Наконец, офицер от графа Орлова известил семейство, что милостью Государя родным разрешено свидание с заключенным Михаилом Бакуниным.
Поехали, конечно, Татьяна-Титания и Николай, нынешняя опора семейства.
Александру Михайловичу, восьмидесятипятилетнему старику и просидевшей возле него сорок лет супруге затруднительно было бы сие путешествие в северную столицу, несмотря на недавно построенную, прямую, как стрелка, железную дорогу.
Молодых и загорелых брата и сестру (Татьяне было тридцать пять лет, Николаю минуло тридцать) ввели в обширную залу в квартире коменданта крепости Ивана Александровича Набокова. Это был добрый и заботливый человек, считавший заключенных своими подопечными, почти детьми. Он предложил приехавшим чаю и нехотя ознакомил с правилами общения с заключенным: общаться только на русском языке, не говорить о политике, о высокопоставленных особах, передавать и принимать письма, за исключением тех, что прошли через руки местной канцелярии, и, разумеется, невозможны любые колющие и режущие предметы, пояса и веревки.
— Увы, — развел руками сей добрый человек. — Служба.
Наконец, за дверью послышались тяжелые шаги.
— Мишель!
Все обнялись. Одиннадцать лет! Мишель выглядел бледным, отяжелевшим, передних зубов не было. Два из них выпали из кровоточащих десен уже здесь, накануне. Но он не выглядел ни грустным, ни отчаявшимся.
— Во-первых, друзья мои, нужны книги, много книг, тетради, принадлежности для письма, — распорядился он после объятий и поцелуев.
— Извините, Михаил Александрович, что вы собираетесь писать? — насторожился Набоков.
— Письма родным, Иван Александрович.
— Но и только. Читать вам можно, но писать ни в коем случае. Разрешено получать газету «Санкт-Петербургские ведомости». Пейте чай. Какое варенье вам нравится? Супруга припасет к следующему разу. Говорите, общайтесь, господа.
Они говорили долго-долго. Татьяна со сдержанной улыбкой, лаская брата темно-голубым взглядом, предложила поместить к нему в камеру клетку с канарейкой.

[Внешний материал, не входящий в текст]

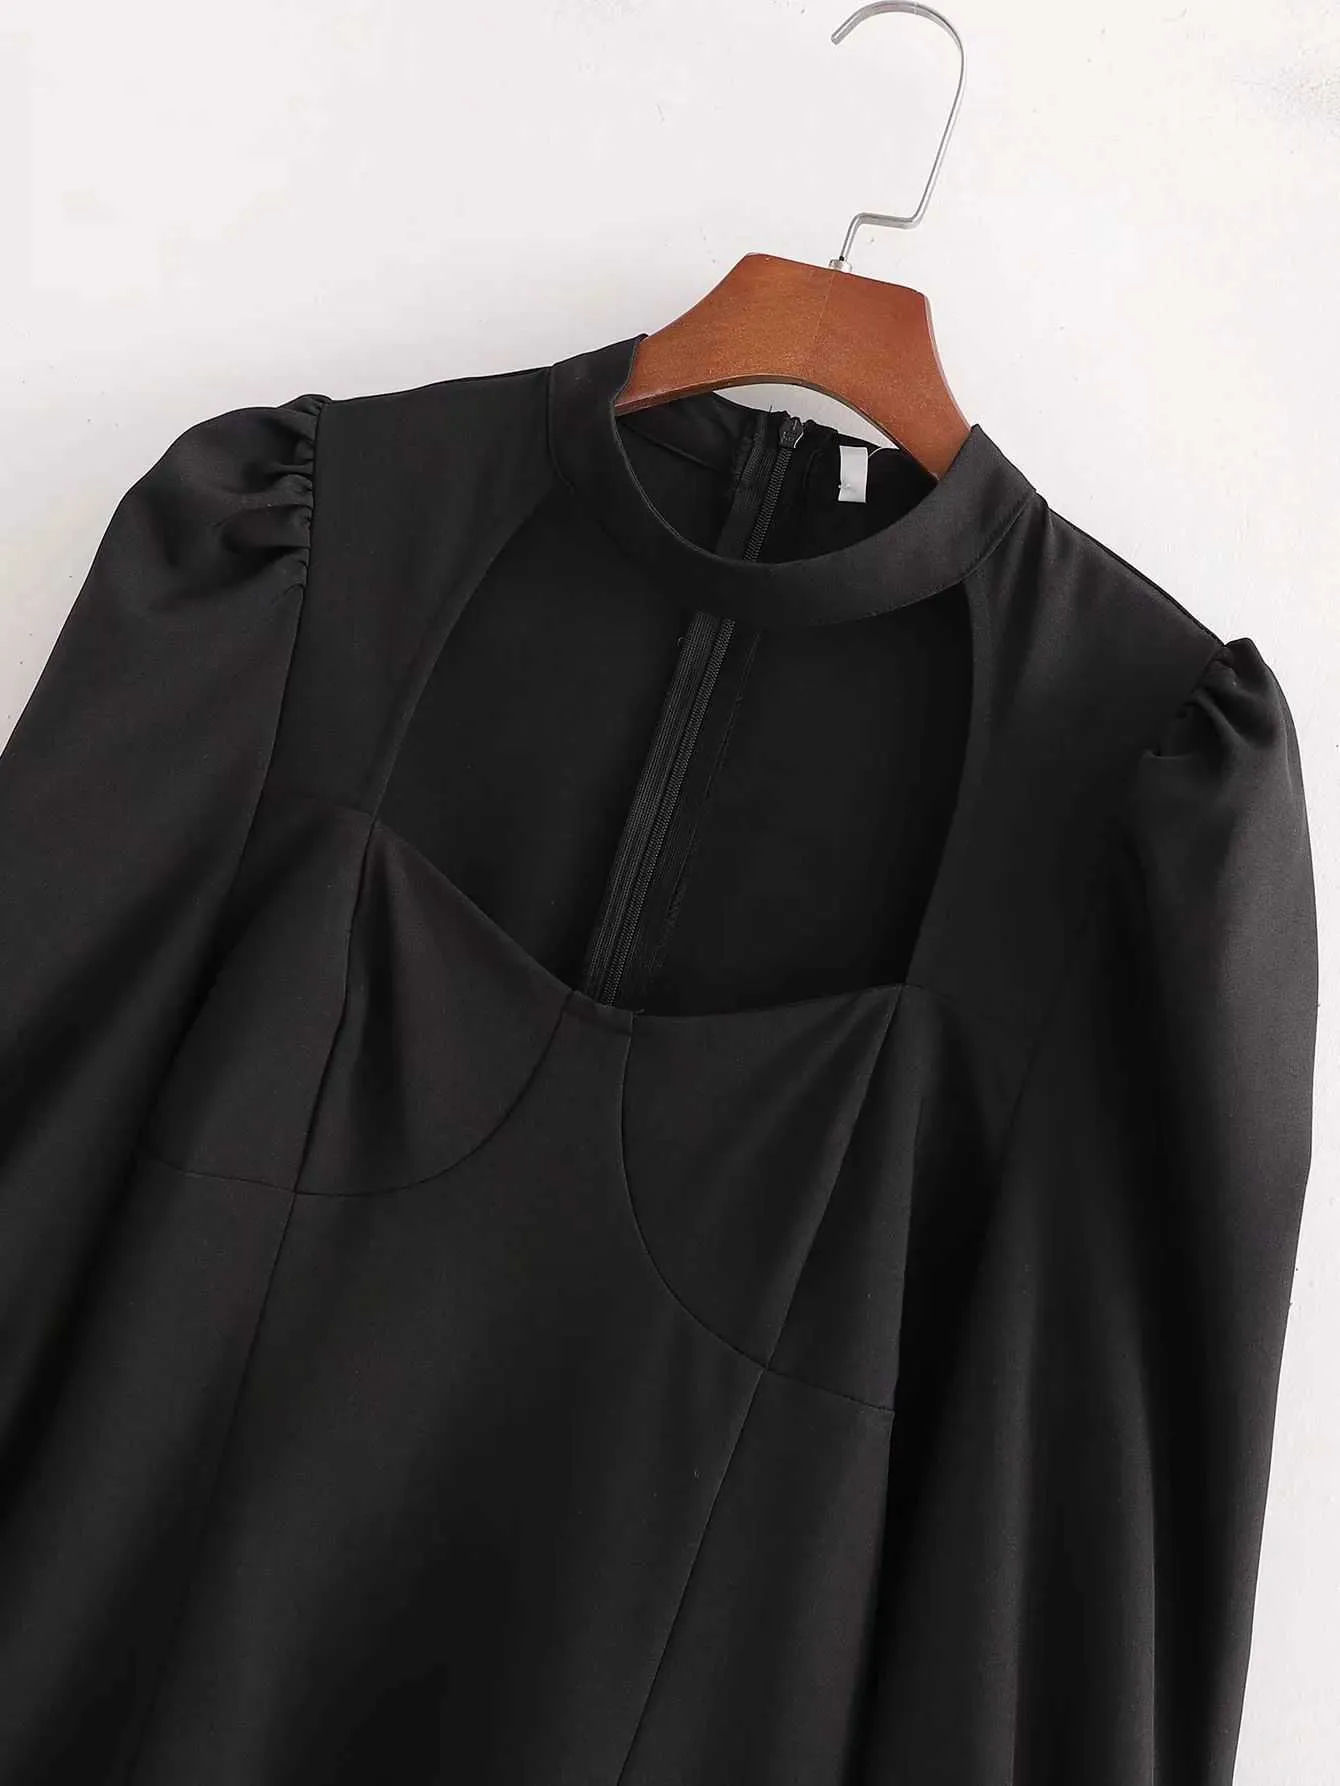 Kadınlar Siyah Elbise Hollow Göğüs Uzun Puf Kollu Slim-Fit Kısa Elbise Zarif Lady Chic Woman Elbiseler 210709

— И веселье, и заботушка тебе, Мишель. Согласен? Но, главное, — она повернулась к коменданту, — свежие овощи, домашнюю буженину, зелень из премухинских теплиц, еловый отвар. Это дозволяется, господин Набоков?
— Весьма умеренно, госпожа Бакунина. В камере нет ледника.
— Ах, как жаль! Как часто дозволены свидания?
— Один раз в два месяца.
Они ушли.
— Мишель будет возвращен в семью, — с убеждением произнес Николай. — Старший брат — краеугольный камень дома, без которого вся семья расползлась во все стороны.
Потянулись дни. Потянулось или остановилось время. Санкт-Петербургские ведомости, книги. Новый поэт Некрасов.
Буря бы грянула, что ли?
Чаша с краями полна.
В Лондоне Герцен вновь печатает благородно-прощальную статью о доблестном рыцаре Бакунине, борце за свободу, которого вновь скрыли тяжелые каменные своды каземата. В Петербурге, сам опальный, Тургенев составляет для него библиотеку. Беспокоится и папенька.
— Дорогой наш сын, для ободрения духа займись переводами, это освежит твою умственную жизнь, — советует ему в письме престарелый Александр Михайлович.
Ему ли, верноподданейшему родовому дворянину, присягавшему трем царям русским, дожить до такой крайности! О, предчувствие, предчувствие полувековой давности, ведь как сбылось, как поразило все семейство!
— Вы хотите, батюшка, чтобы я занялся переводами, — отвечал непокорный сын. — Я не думаю, чтобы это было возможно, во мне умер всякий нерв деятельности, всякая охота к предприятиям, охота к жизни.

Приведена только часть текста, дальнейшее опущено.